Dimana? Dimana? Dimana? Rumah ini hanya memiliki empat ruangan utama, kamar mandi, dua kamar tidur, dan dapur bercampur dengan ruang tamu. Solusi termudah adalah dengan menutup mataku dan mendeteksi keberadaan fisik / gambar termal di rumah ini. Hasilnya,
Tidak ada orang yang berada dalam radius 500 meternya.
…/+-=0: -|!――
Tidak, tenanglah. Mari kita pikirkan hal ini dengan pikiran jernih. Memproses fakta dalam gawatnya situasi ini. Tenten adalah anak yang kuat, dia punya peluang besar untuk bertahan dari bahaya apa pun. Dan, hanya ada dua kemungkinan mengenai keberadaannya. Entah dia pergi dengan kemauannya sendiri, atau/+-=. Ini tidak membantu.
Mari kita perjelas satu hal sebelum mengambil kesimpulan. Benarkah tidak ada petunjuk atau catatan di rumah ini? Ternyata, ada satu.
Baunya.
Gak seperti mayat, ini kebalikan dari busuk. Ini adalah baud aging ikan yang baru dimasak bercampur dengan aroma minyak zaitun murni dari rumput segar. Sepiring paprika isi daging di meja makan kami, dan piring bersih di wastafel. Di sinilah aku menghela nafas lega saat melihat sebuah catatan tertulis di atas meja makan.

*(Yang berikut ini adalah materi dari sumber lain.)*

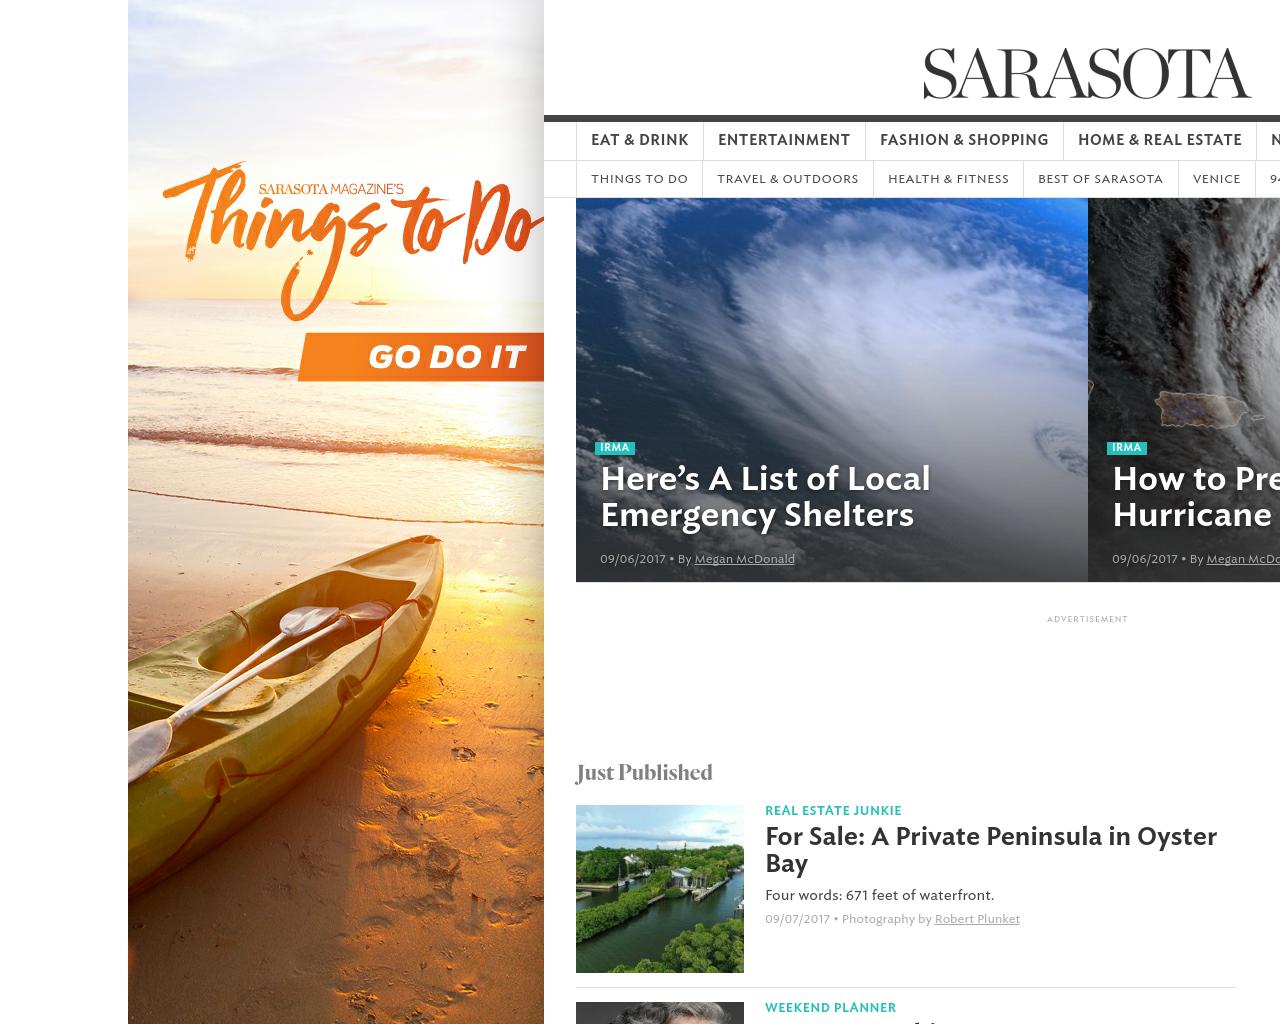 Sarasota-Magazine-Advertising-Reviews-Pricing
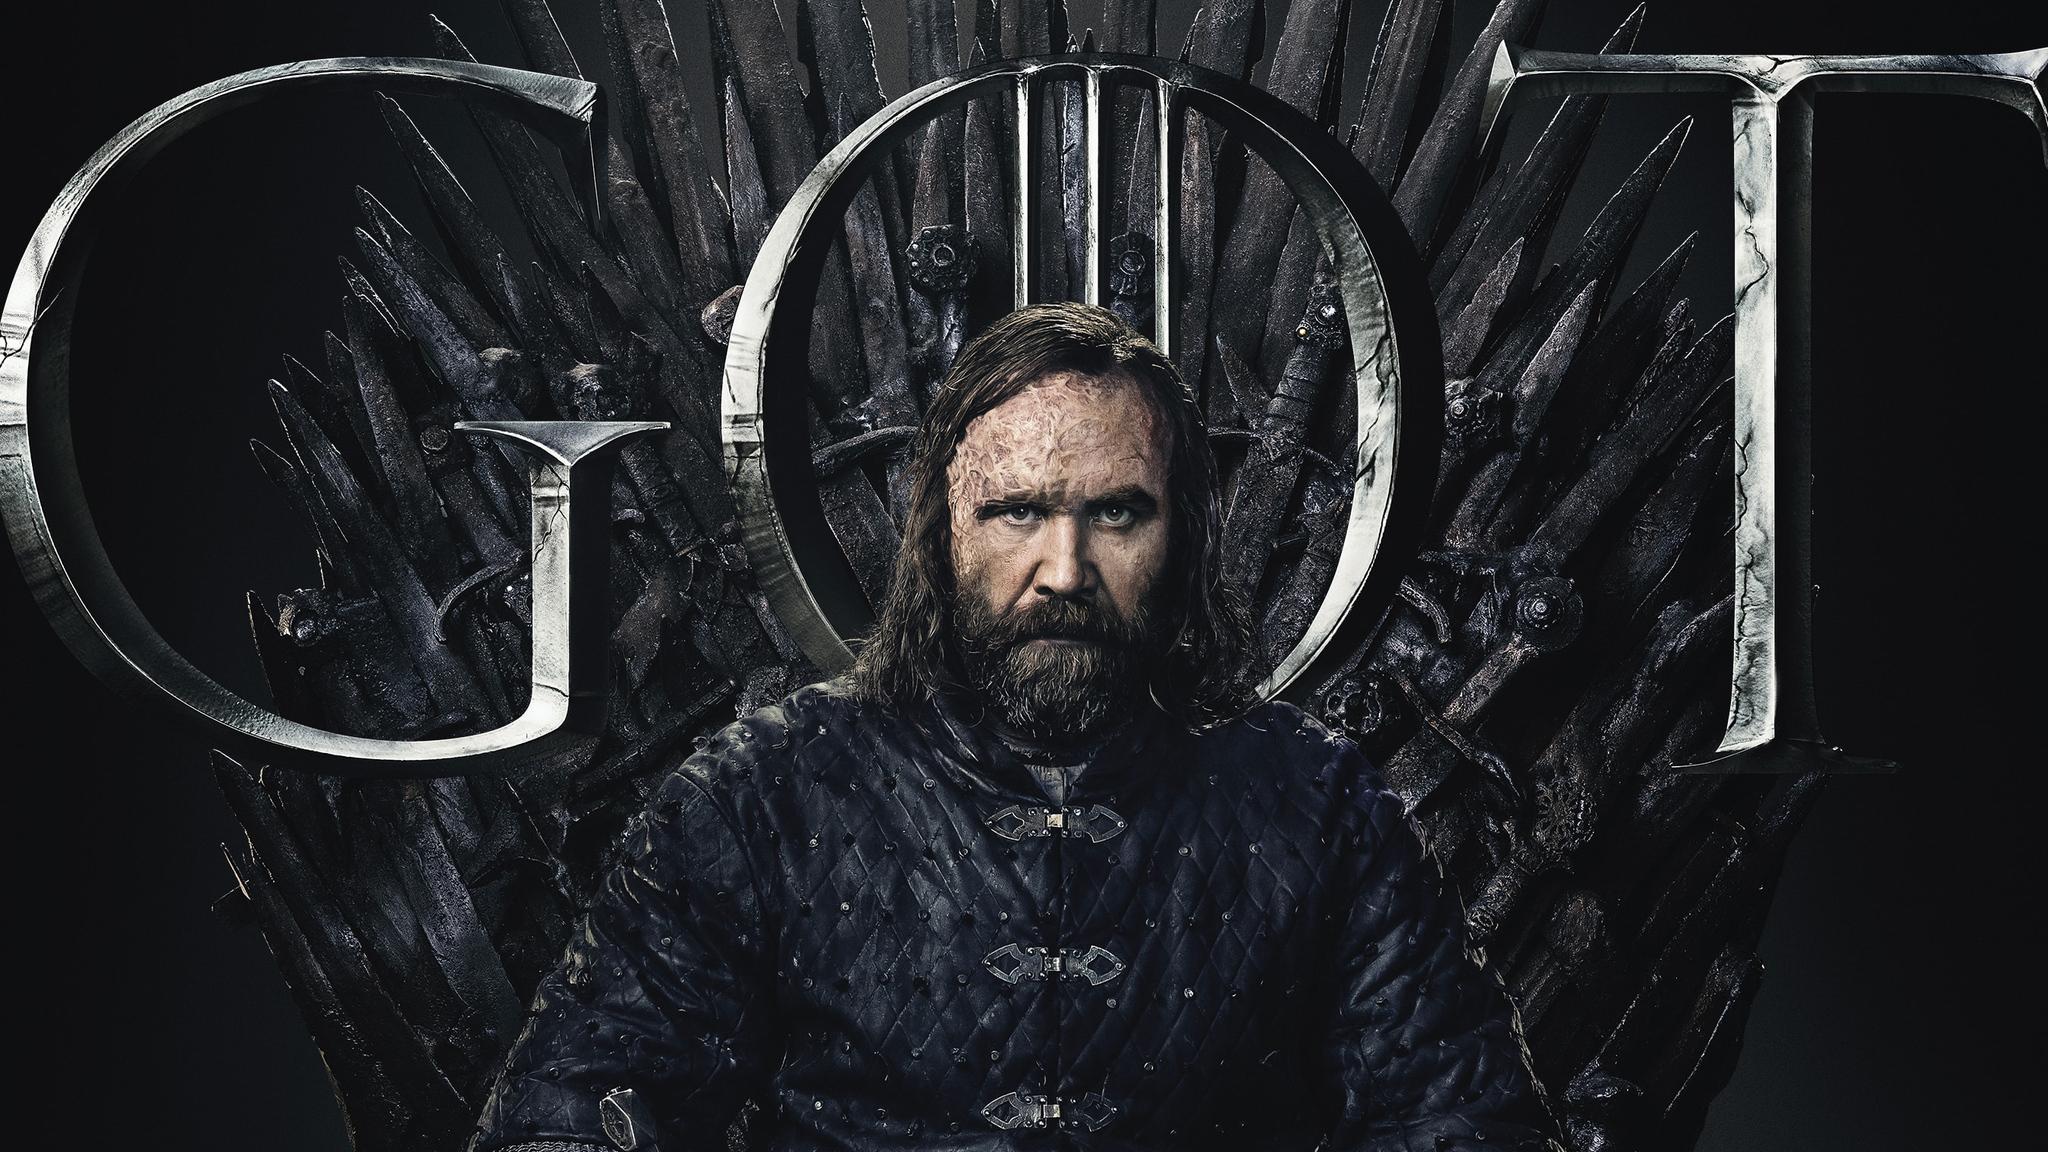 2048x1152 Sandor Clegane Hound Game Of Thrones Season 8 ...

Selamat malam, Mama, atau pagi? Tenten berharap Mama menemukan catatan ini sebelum Mama panik. Tenten sudah memasakkan Mama paprika isi daging yang kami janjikan di taruhan sebelumnya. Tenten harap Mama menyukainya. Sayangnya, tidak ada garam di dapur kita. Kebetulan, Tenten akan berangkat untuk kerjaan komunitas di teater. Mungkin mencoba keberuntungan Tenten selama perjalanan. Siapa tahu Tenten akan mendapatkan garan dari salah satu anggota teater atau Paman Dom jika dia ada di sana. Tenten akan pulang saat matahari terbit. Jangan khawatir, ya!
P.S. Tenten menolak untuk makan paprikanya. Bantuin Tenten untuk tidak menyisakannya, ok? Sayang Mama!
-Tenten.
"Terkadang aku penasaran siapa ibunya di keluarga ini."
Aku membalikkan kertasnya lagi dan menemukan kartu bingo―dengan judul, Menebak Mama Setelah Pulang. Semua dua puluh lima kotaknya telah dilingkari.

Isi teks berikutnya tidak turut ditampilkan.